Telomere proximal genes |
Centromere proximal genes |
||||
---|---|---|---|---|---|
Gene Name | Function | Tissue specificity | Gene Name | Function | Tissue specificity |
SLC24A2 | Calcium/Cation Antiporter | Brain | ELAVL2 | Neural-specific RNA binding protein, metalloprotease stabilization | Brain |
MLLT3 | Superelongation complex subunit, Mixed Lineage Leukemia family | Ubiquitous | TUSC 1 | Tumor supressor, possible role in lung tumors | N/A |
FOCAD | Focal adehesion protein, tumor supressor function in gliomas | Ubiquitous | CAAP 1 | Apoptosis Inhibitor | Ubiquitous |
MIR31HG | Small non-coding RNA Cellclar pluripotency and differentiation | Digestive system Urinary System Brain | TEK | Receptor Tyrosine Kinase | Ubiquitous |
IFN | Proteins released by host cells in response to pathogens | Secreted | MOB3B | Mps 1 inter actor, mitotic checkpoint regulation | Ubiquitous Highest in lung |
MTAP | Polyamine metabolism, adenine and methionine salvage | Ubiquitous | LING02 | Leucine rich repeat and Ig domain, associated with Parkinson’s disease | High in brain, endometrium, testis, thyroid |
The telomere proximal region includes several genes commonly altered in cancer cells. Inactivation of the MLL (Mixed Lineage Leukemia) and related genes have been identified in different forms of leukemias [49]. Many of these genes are inactivated by various translocations which produces chimeric mRNAs. The most famous is the Philadelphia chromosome translocation which produces a fusion between ABL1 and BCR1 [50]. Further analysis of translocation in leukemia cancers led to identification of a plethora of other genes which were named after the point of translocation. This includes MLLT3 (Multiple Lineage Leukemia Translocated to Ch. 3) [51]. MLLT3 characterized by tri-nucleotide repeats which may facilitate these form of translocations [52]. Several non-reciprocal translocations between MLLT3 and other chromosome loci have been identified [53]. The presence of an MLLT3 gene in the vicinity of CDKN2 A may explain why some of the breakpoints localize in this region but does not explain most of the breakpoints which occur in the MTAP region or between MTAP and MIR31HG. Remarkably, MTAP is the only transcript that collides with CDKN2 A which raises the possibility that collisions between transcriptional machineries may lead to a higher incidence of breaks in this region. However, in this analysis we do not have any data for this conclusion.

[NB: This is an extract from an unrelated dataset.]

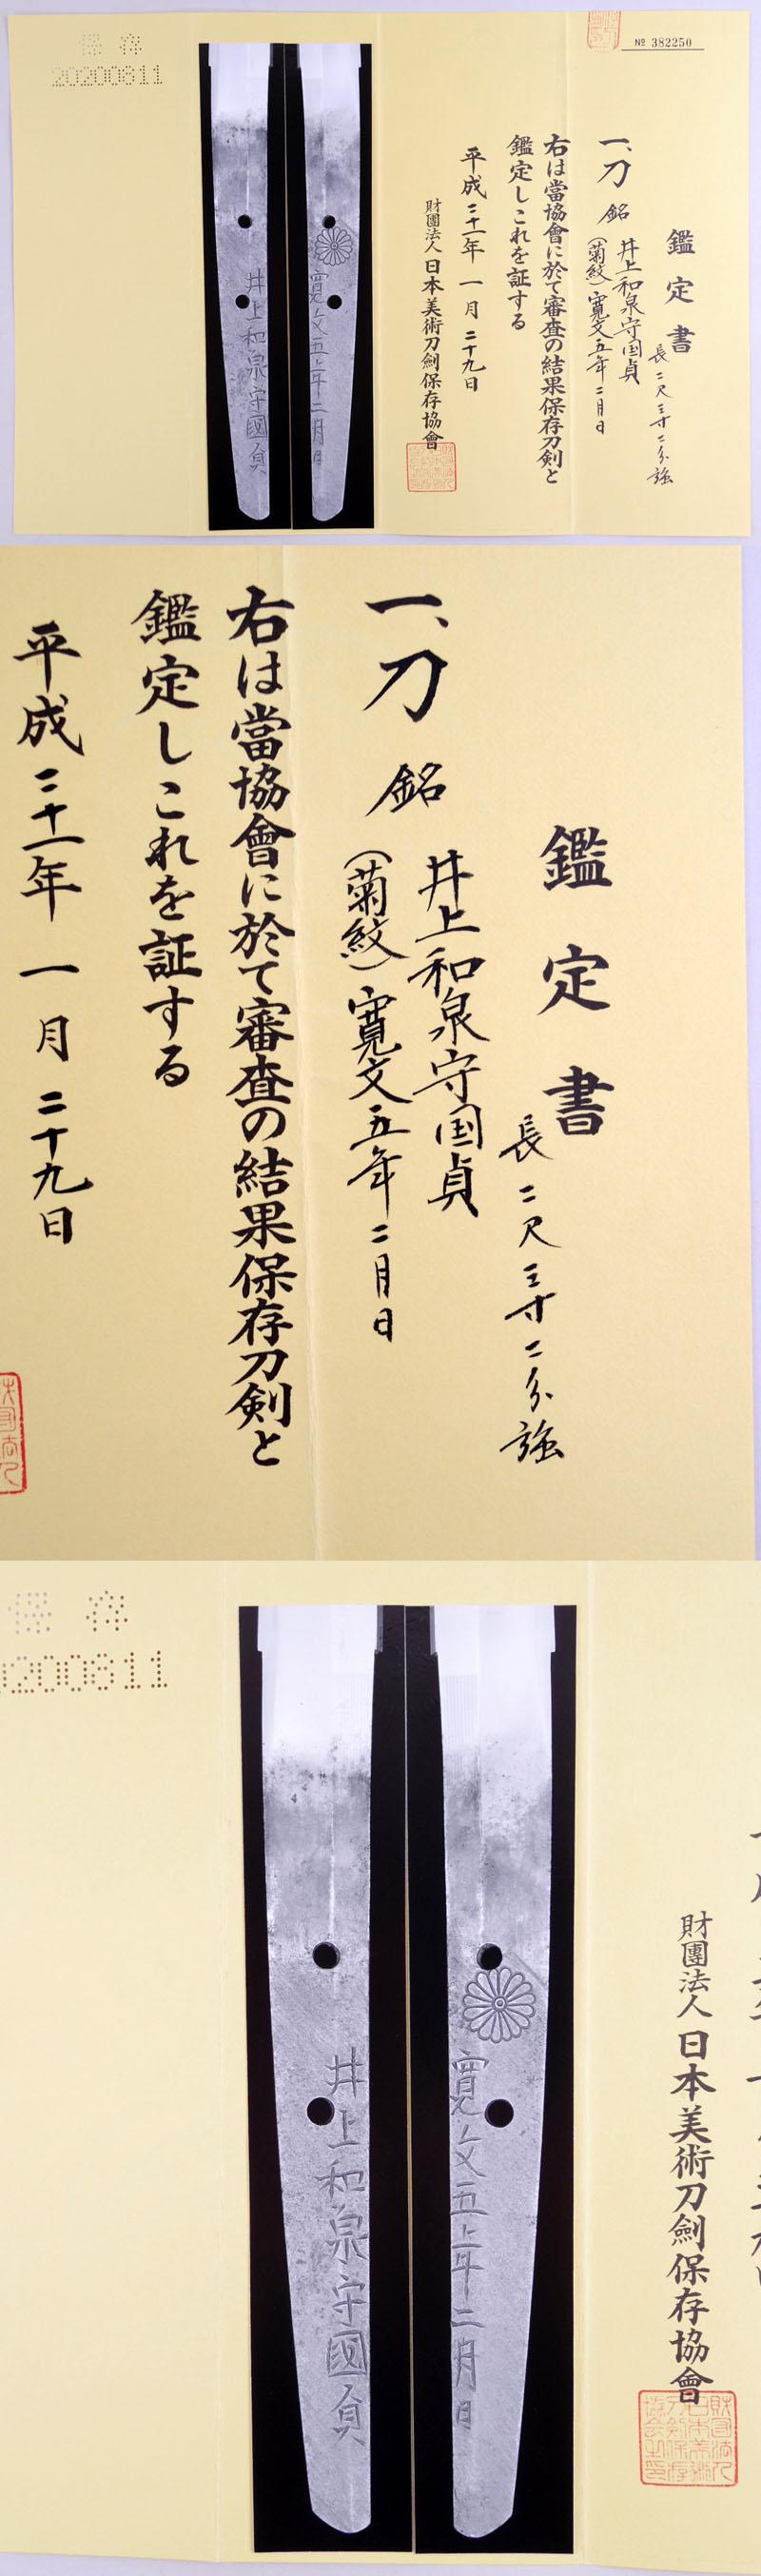 井上和泉守国貞(井上真改) Picture of Certificate
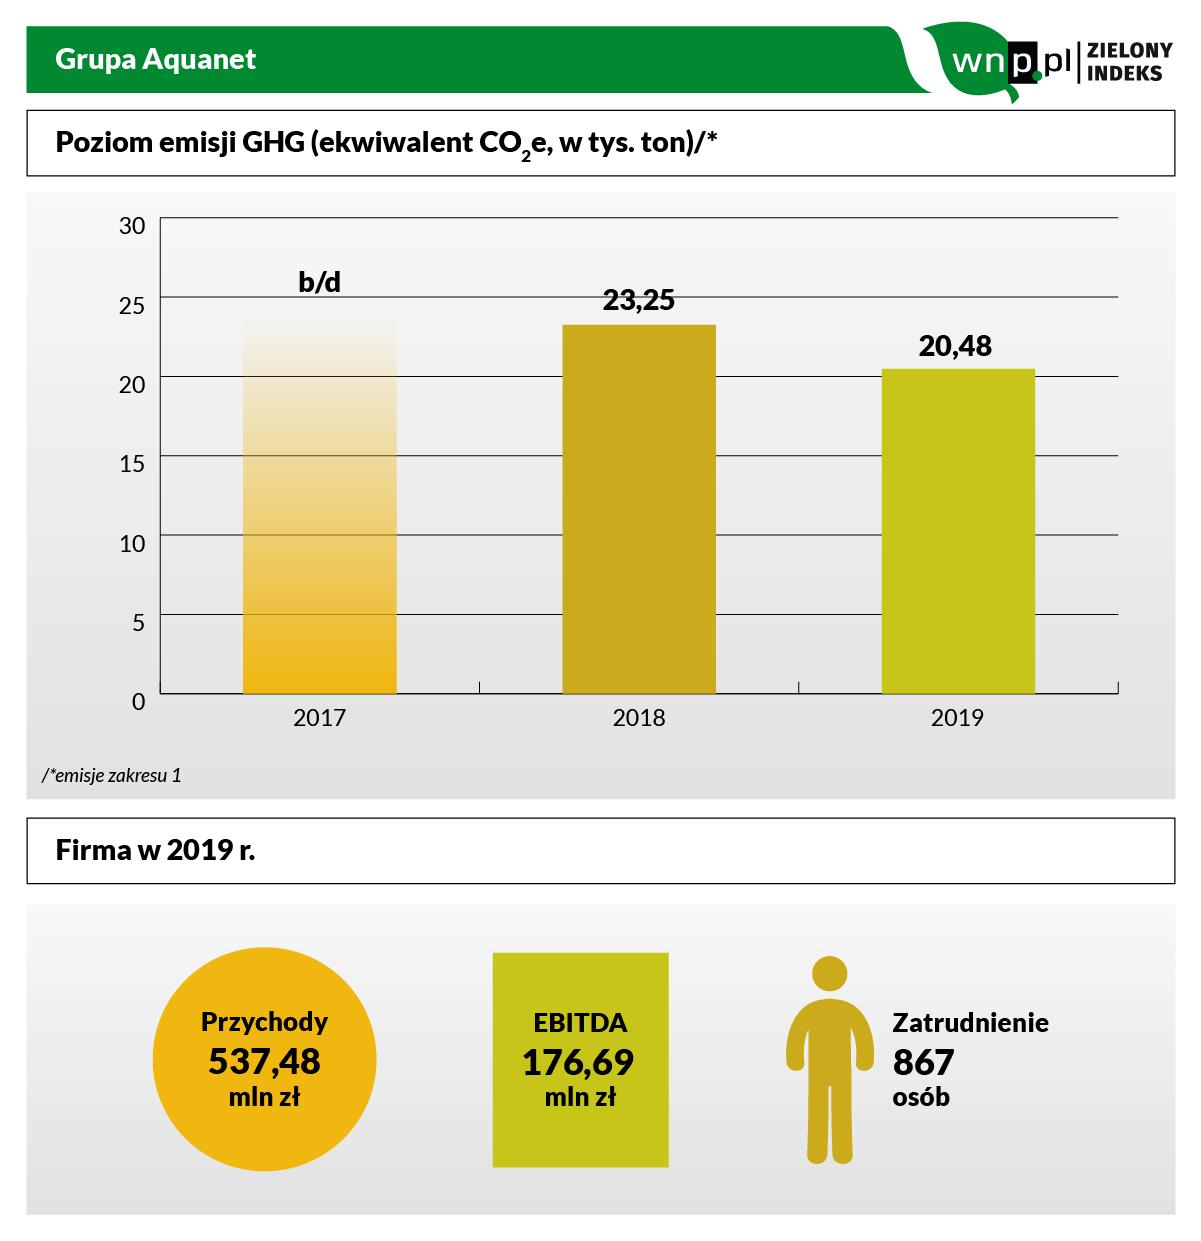 Grupa Aquanet do Zielonego Indeksu.png (infografika: PTWP)

MIR31HG encodes a long-non-coding RNA with oncogenic properties that represses expression of p16 [54]. MIR31HG dysregulation has been identified in many cancers including pancreatic [54–56]. Thus, it appears that the homozygous deletion events seen here simultaneously inactivate both CDKN2A and its regulators. MTAP encodes the enzyme methylthioadenosine phosphorylase which is required early in the purine biosynthesis pathway [57]. Deletion of MTAP has been identified in many forms of cancers and is usually co-deleted with the CDKN2A locus [58].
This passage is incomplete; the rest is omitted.